THE PROBLEM: Reproduce, character for character, the lines below from the first through the one with "Beautiful colors of". Leave pictures out.
---- DATASET EXTRACT
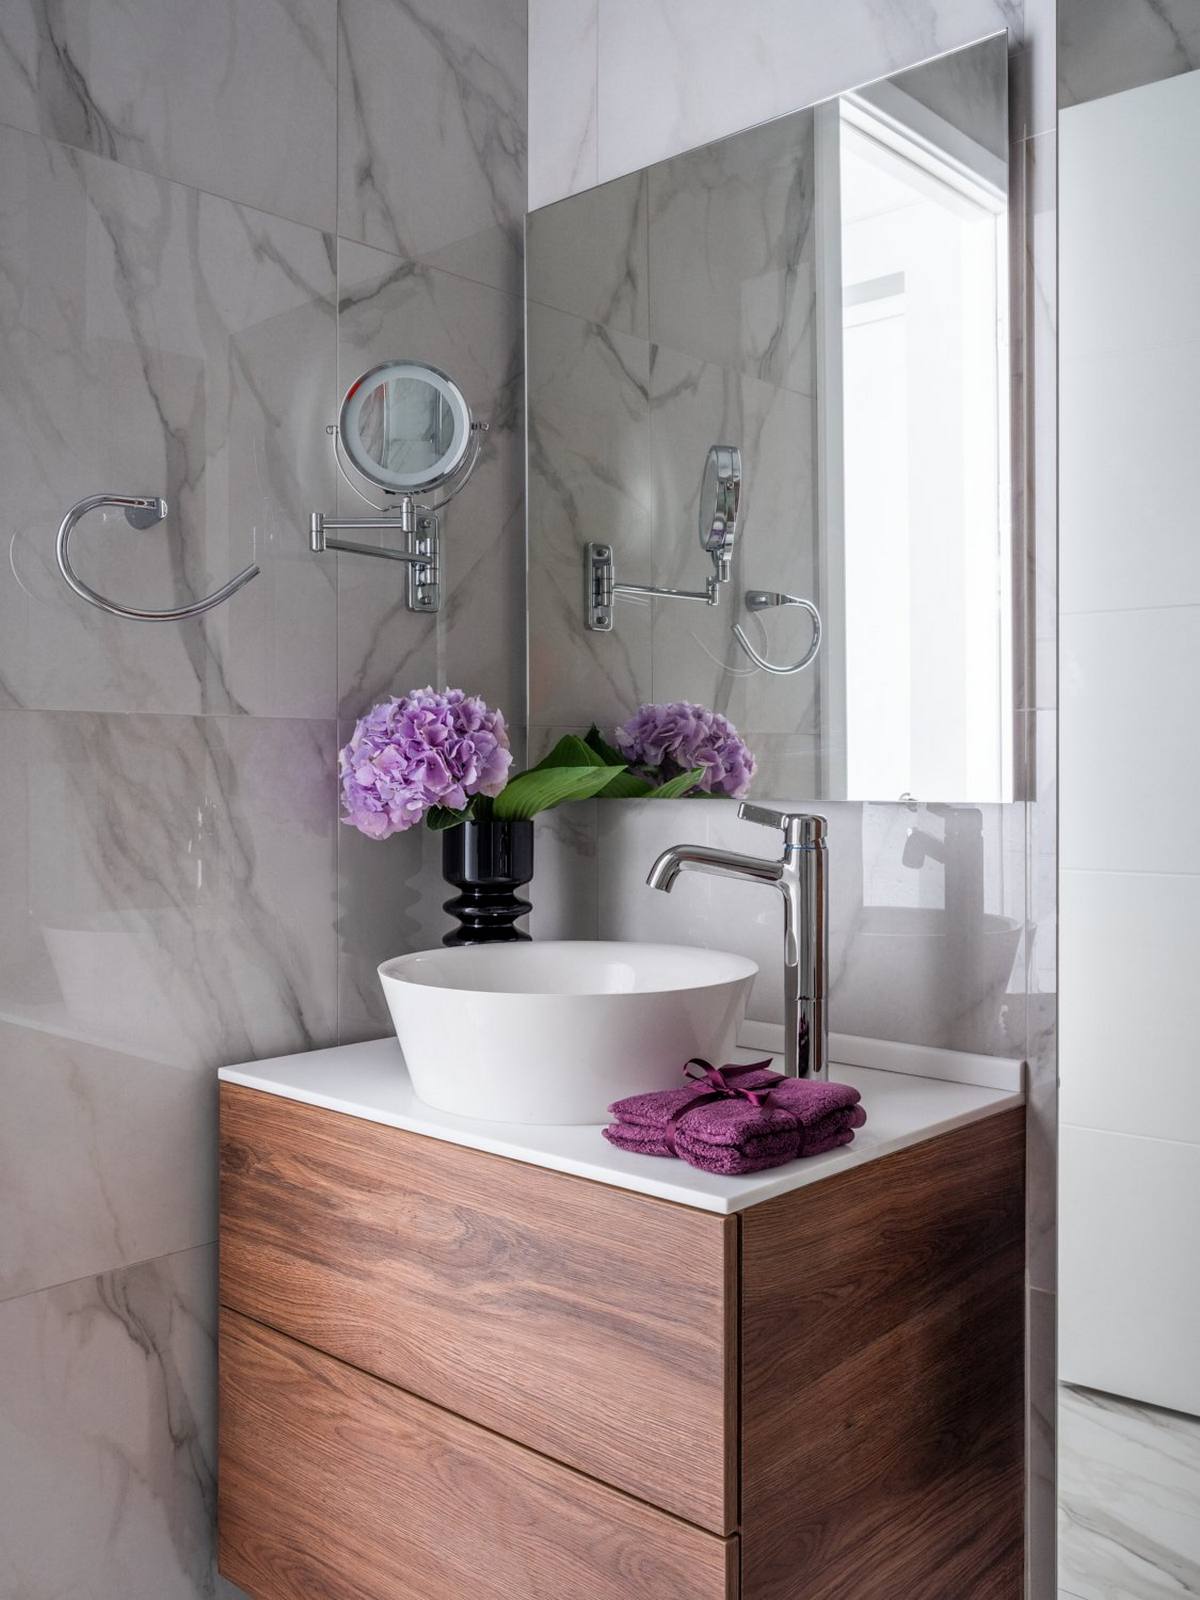 Nhà vệ sinh và buồng tắm được phân vùng bởi cửa kính trong suốt. Trên bồn rửa kết hợp tủ gỗ là chiếc lọ màu đen với cành hoa tím trang trí tương đồng với lối vào căn hộ.
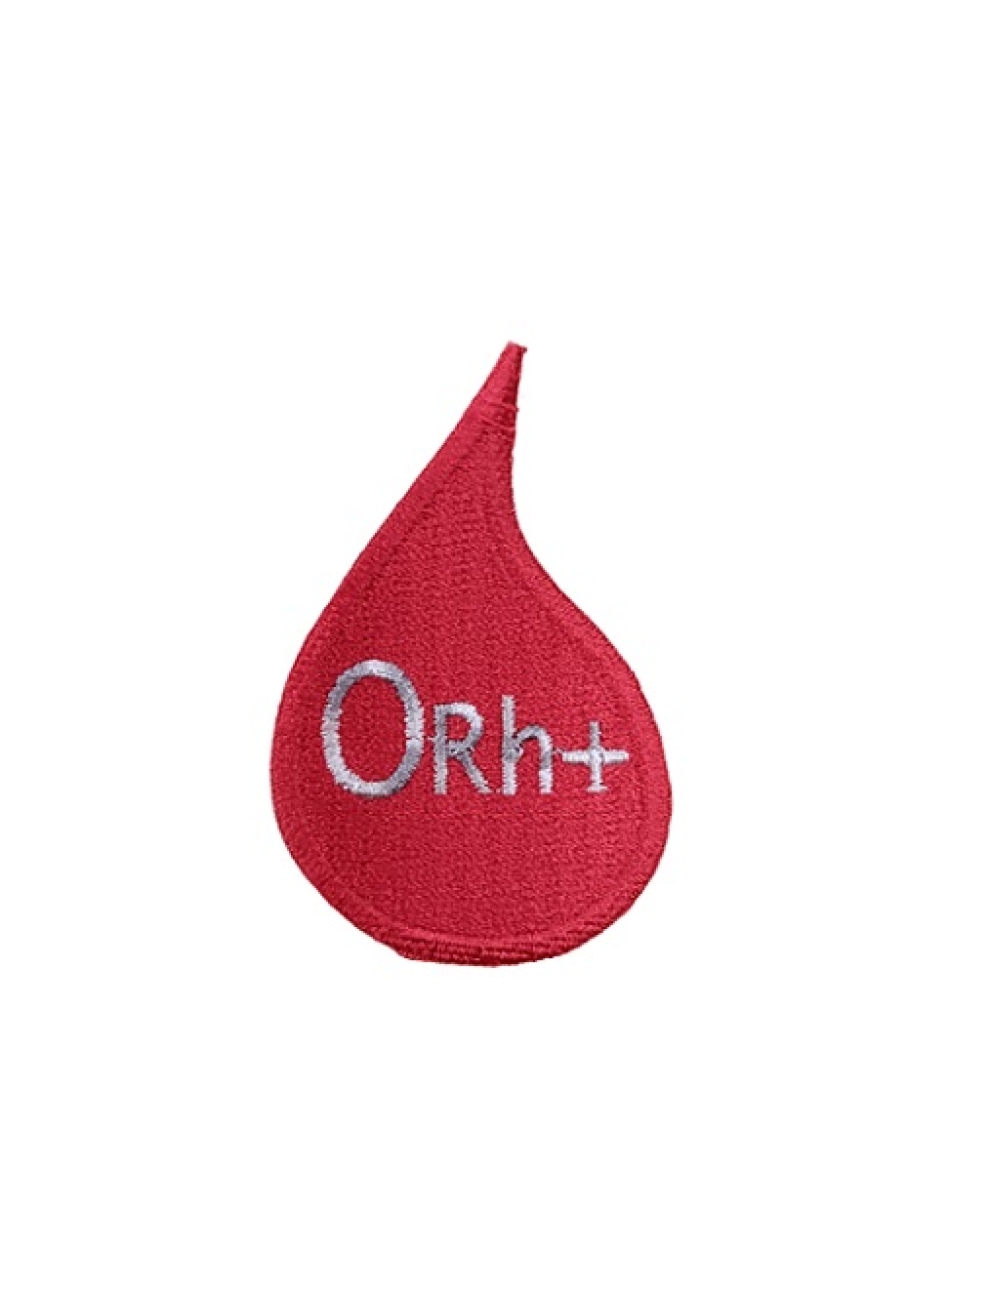 Gota de Sangue - O RH +
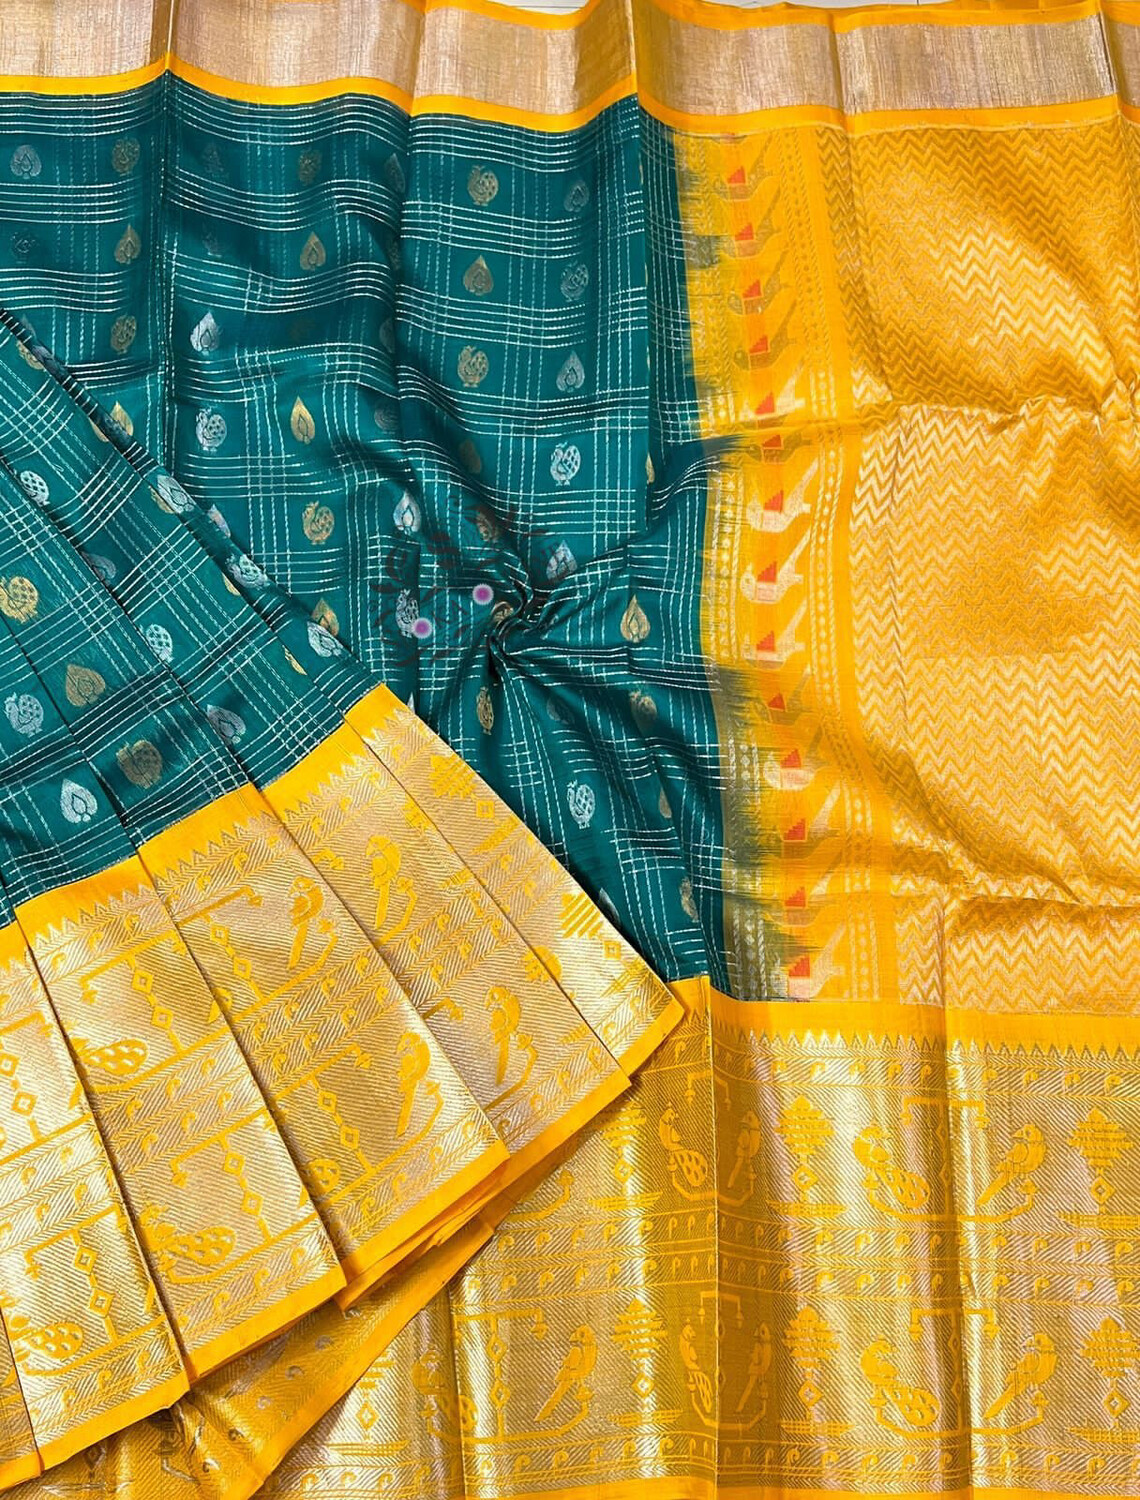 Beautiful colors of  Pure Handloom Kuppadam Pattu Sarees
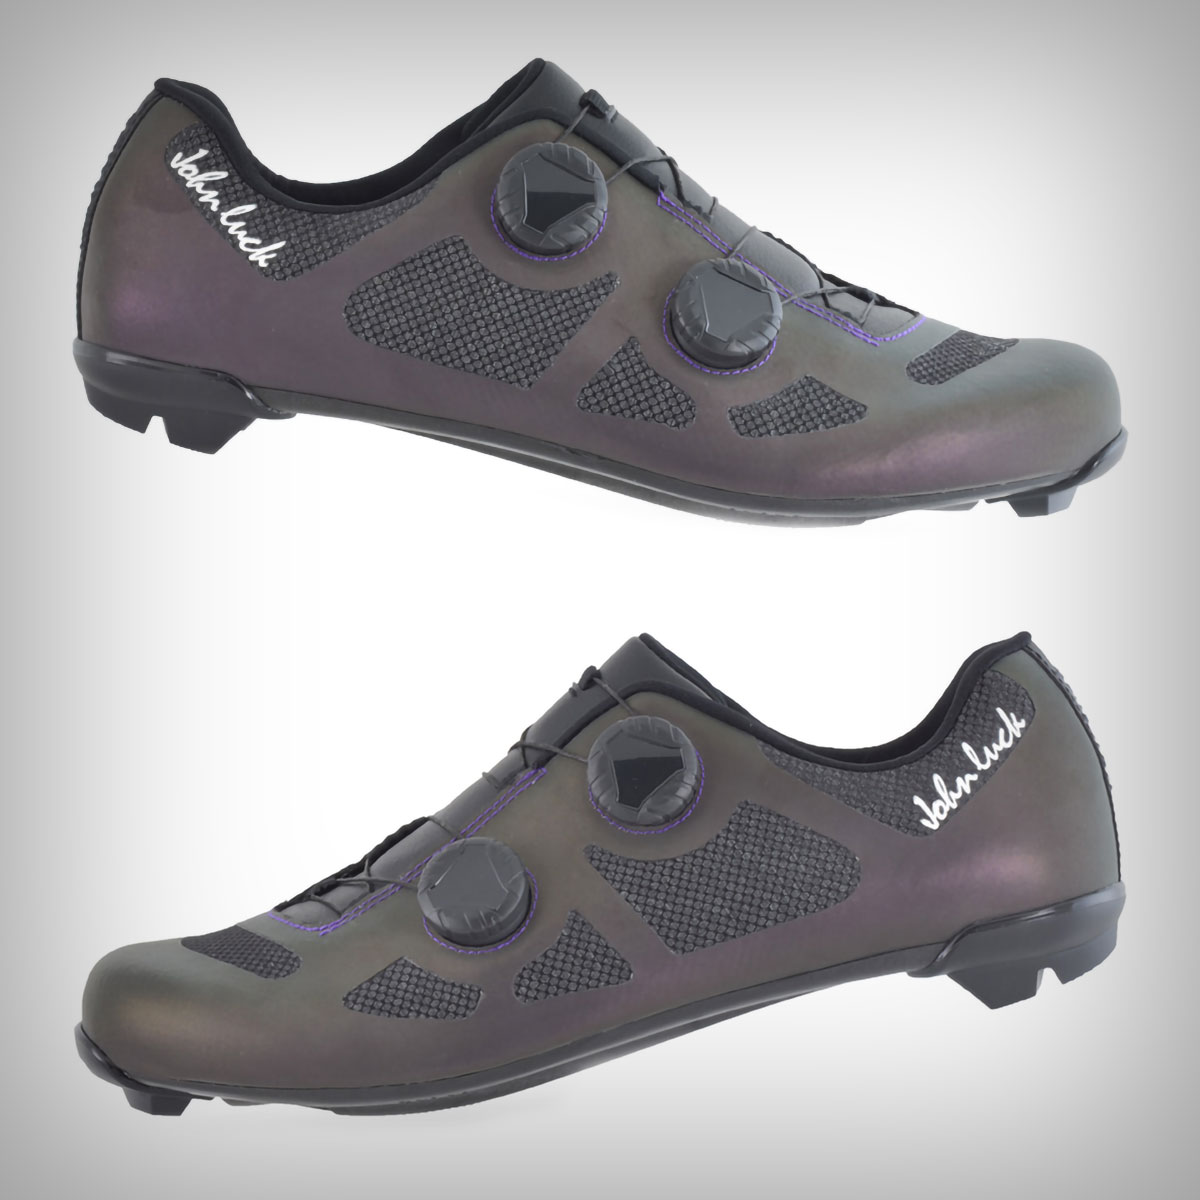 John Luck Invictus, unas zapatillas de carretera con capa reflectante para mejorar la seguridad en condiciones de poca luz
--------
REPLY TO THE TASK:
 Nhà vệ sinh và buồng tắm được phân vùng bởi cửa kính trong suốt. Trên bồn rửa kết hợp tủ gỗ là chiếc lọ màu đen với cành hoa tím trang trí tương đồng với lối vào căn hộ.
 Gota de Sangue - O RH +
 Beautiful colors of  Pure Handloom Kuppadam Pattu Sarees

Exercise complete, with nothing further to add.